The opposition that Hermes's theology had aroused during his lifetime became more effective soon after his death. As a result of a denunciation made by German bishops, his works were examined at length by a group of Roman theologians, including the Jesuit G. Perrone, and in the brief dum acerbissimas (H. Denzinger, Enchiridion symbolorum, 2738–2740), issued on Sept. 26, 1835, Gregory XVI condemned the rationalism judged to be implicit in Hermes's teaching and placed his works (including part of an incomplete work, Christkatholische Dogmatik, published in 1834 by Hermes's disciple, J. H. Achterfeldt) on the Index. In the following year a subsequent decree placed on the Index those parts of Hermes's Dogmatik that had not been listed in the original decree.

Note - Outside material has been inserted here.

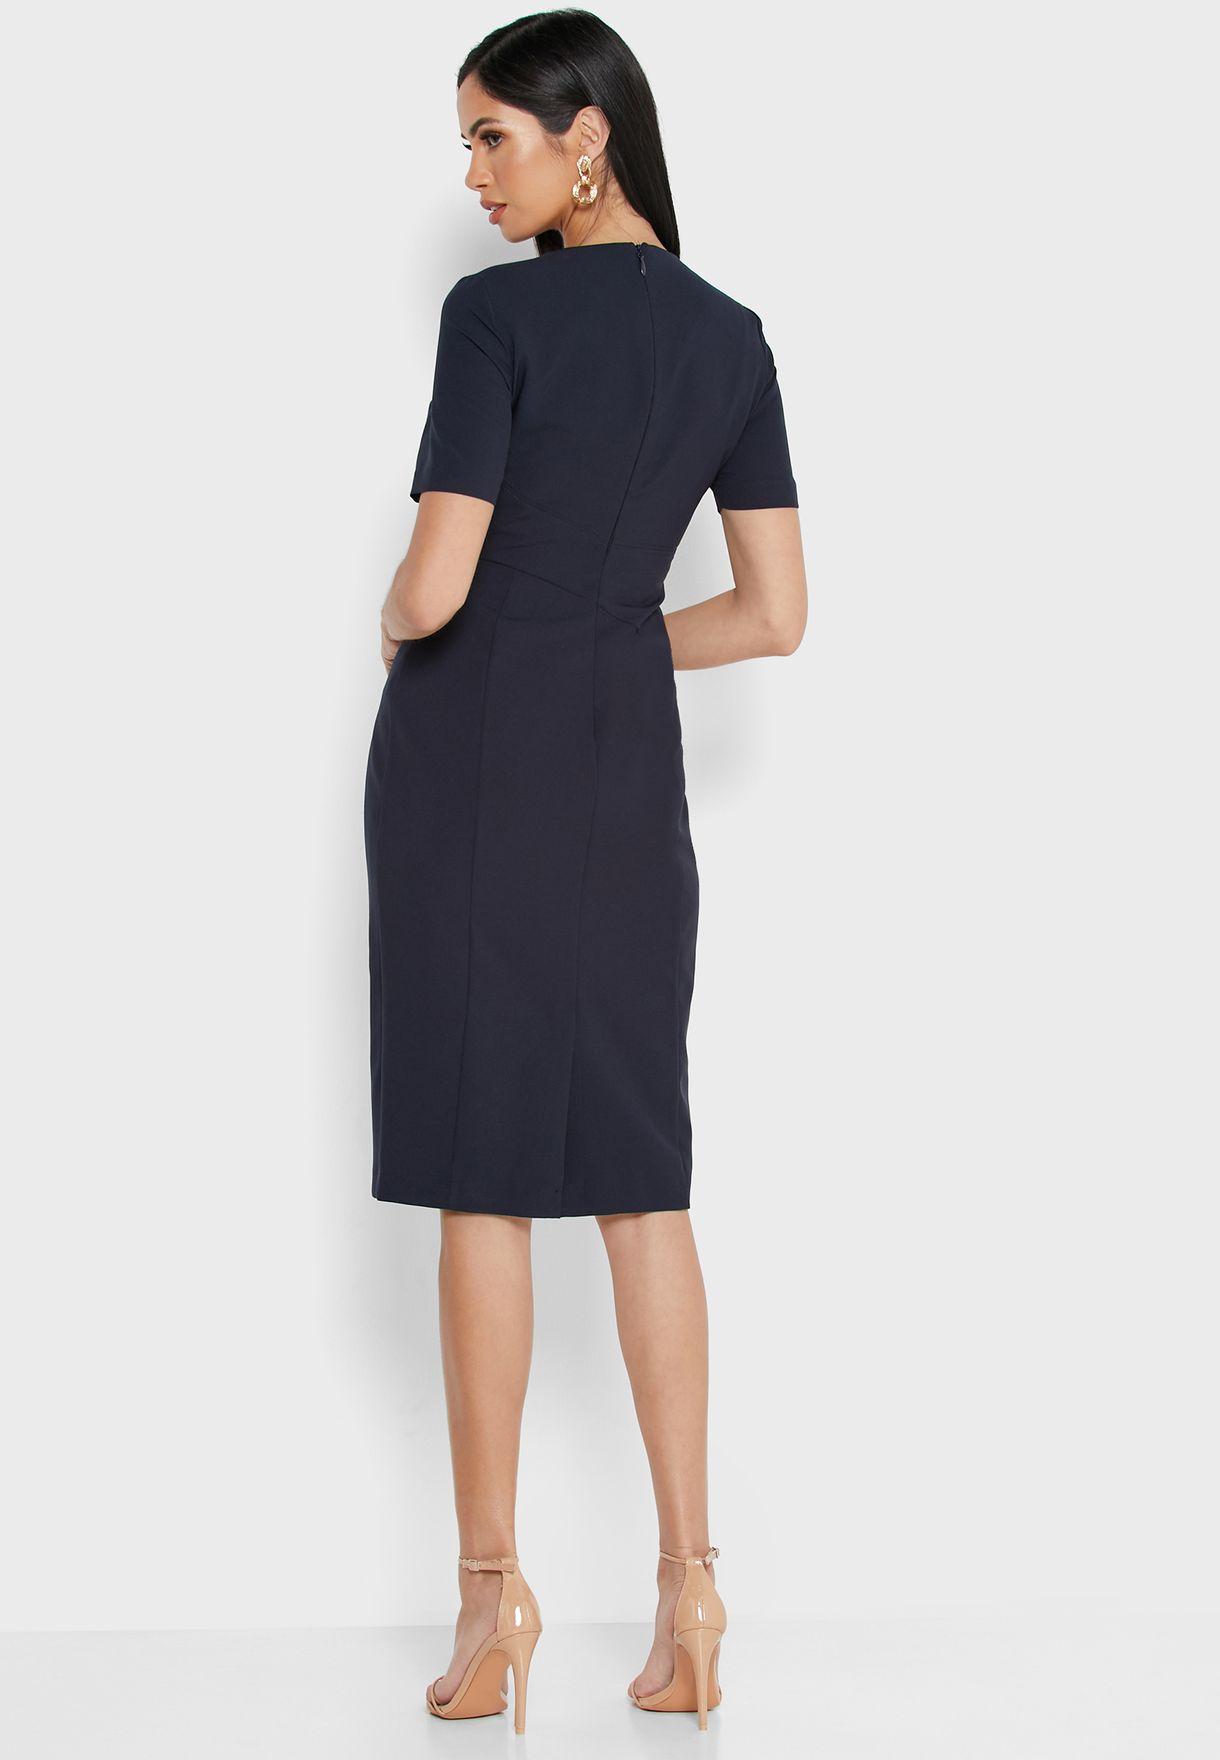 Back Zip Through Dress
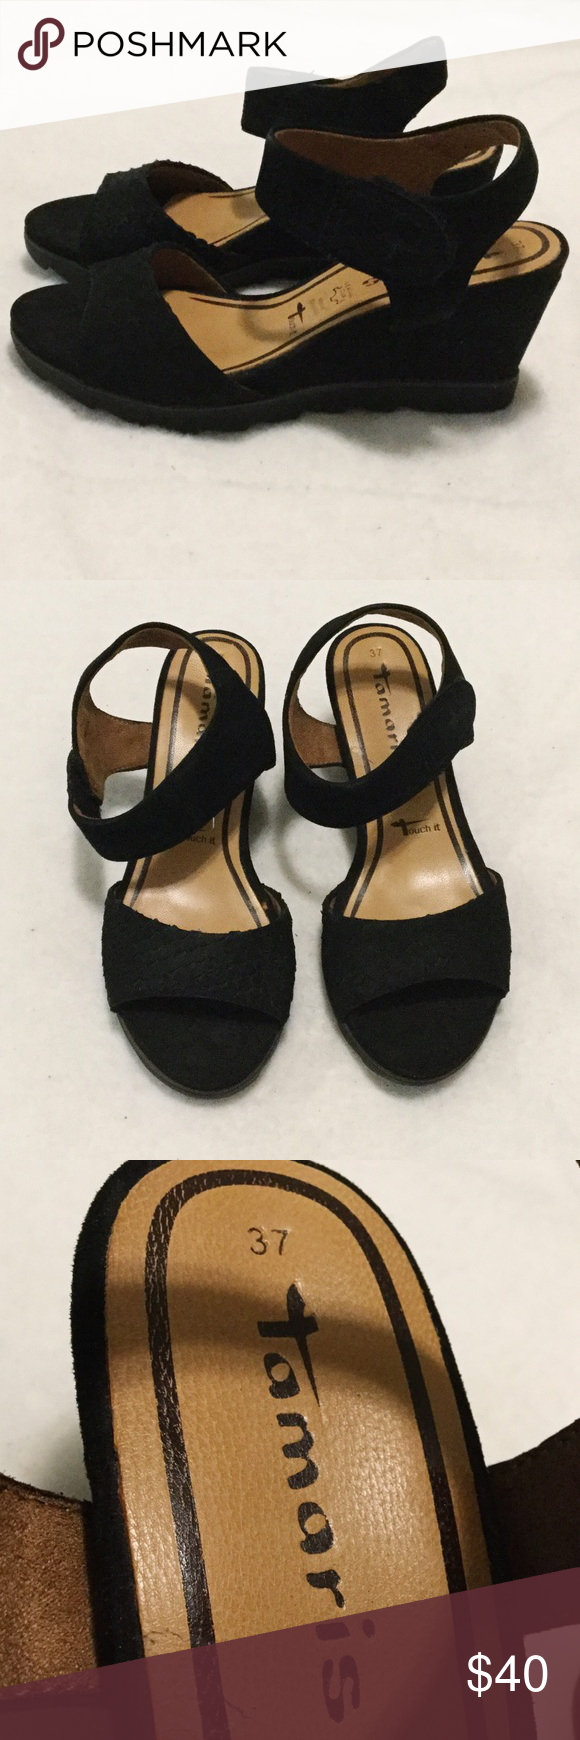 Tamaris Black Nubuck Leather Wedge Sandals Tamaris black

This papal condemnation, which astonished Hermes's followers and which the Prussian government prevented from being published in Bonn, intensified rather than settled the controversy over Hermes's orthodoxy. The controversy became even more bitter when in 1836 Droste zu Vischering succeeded von Spiegel as archbishop of Cologne and required all his candidates for the priesthood to subscribe to 18 anti-Hermesian propositions. In 1837 two of Hermes's most prominent followers, P. J. Elvenich and J. W. Braun, went to Rome to appeal the condemnation. When Roman authorities rejected both this and all subsequent attempts to justify Hermes's orthodoxy, most of the Hermesians accepted the papal brief, and those who did not were removed from teaching. In 1852 the Hermesian Zeitschrift für Philosophie und katholische Theologie ceased publication. With that, hermesianism, later to be condemned at vatican council i, ceased to be an active theological movement.
See Also: semirationalism.
Bibliography: a. thouvenin, Dictionnaire de théologie catholique, 15 v. (Paris 1903–50) 6.2:2288–2303. r. schlund and e. hegel, Lexikon für Theologie und Kirche, 10 v. (2d new ed. Freiburg 1957–65) 5:258–261. a. fortescue, Encyclopedia of Religion and Ethics, ed. j. hastings, 13 v. (Edinburgh 1908–27) 6:624. h. reusch, Allgemeine deutsche Biographie (Leipzig 1875–1910) 12:192–196. p. tschackert, The New Schaff-Herzog Encyclopedia of Religious Knowledge, ed. s. m. jackson, 13 v. (Grand Rapids, Mich. 1951–54) 5:242–243. r. aubert, Le Problème de l'acte de foi (3d ed. Louvain 1958) 103–112. e. hocedez, Histoire de la the théologie au XIX esiècle (Brussels-Paris 1800–31) 1:177–203.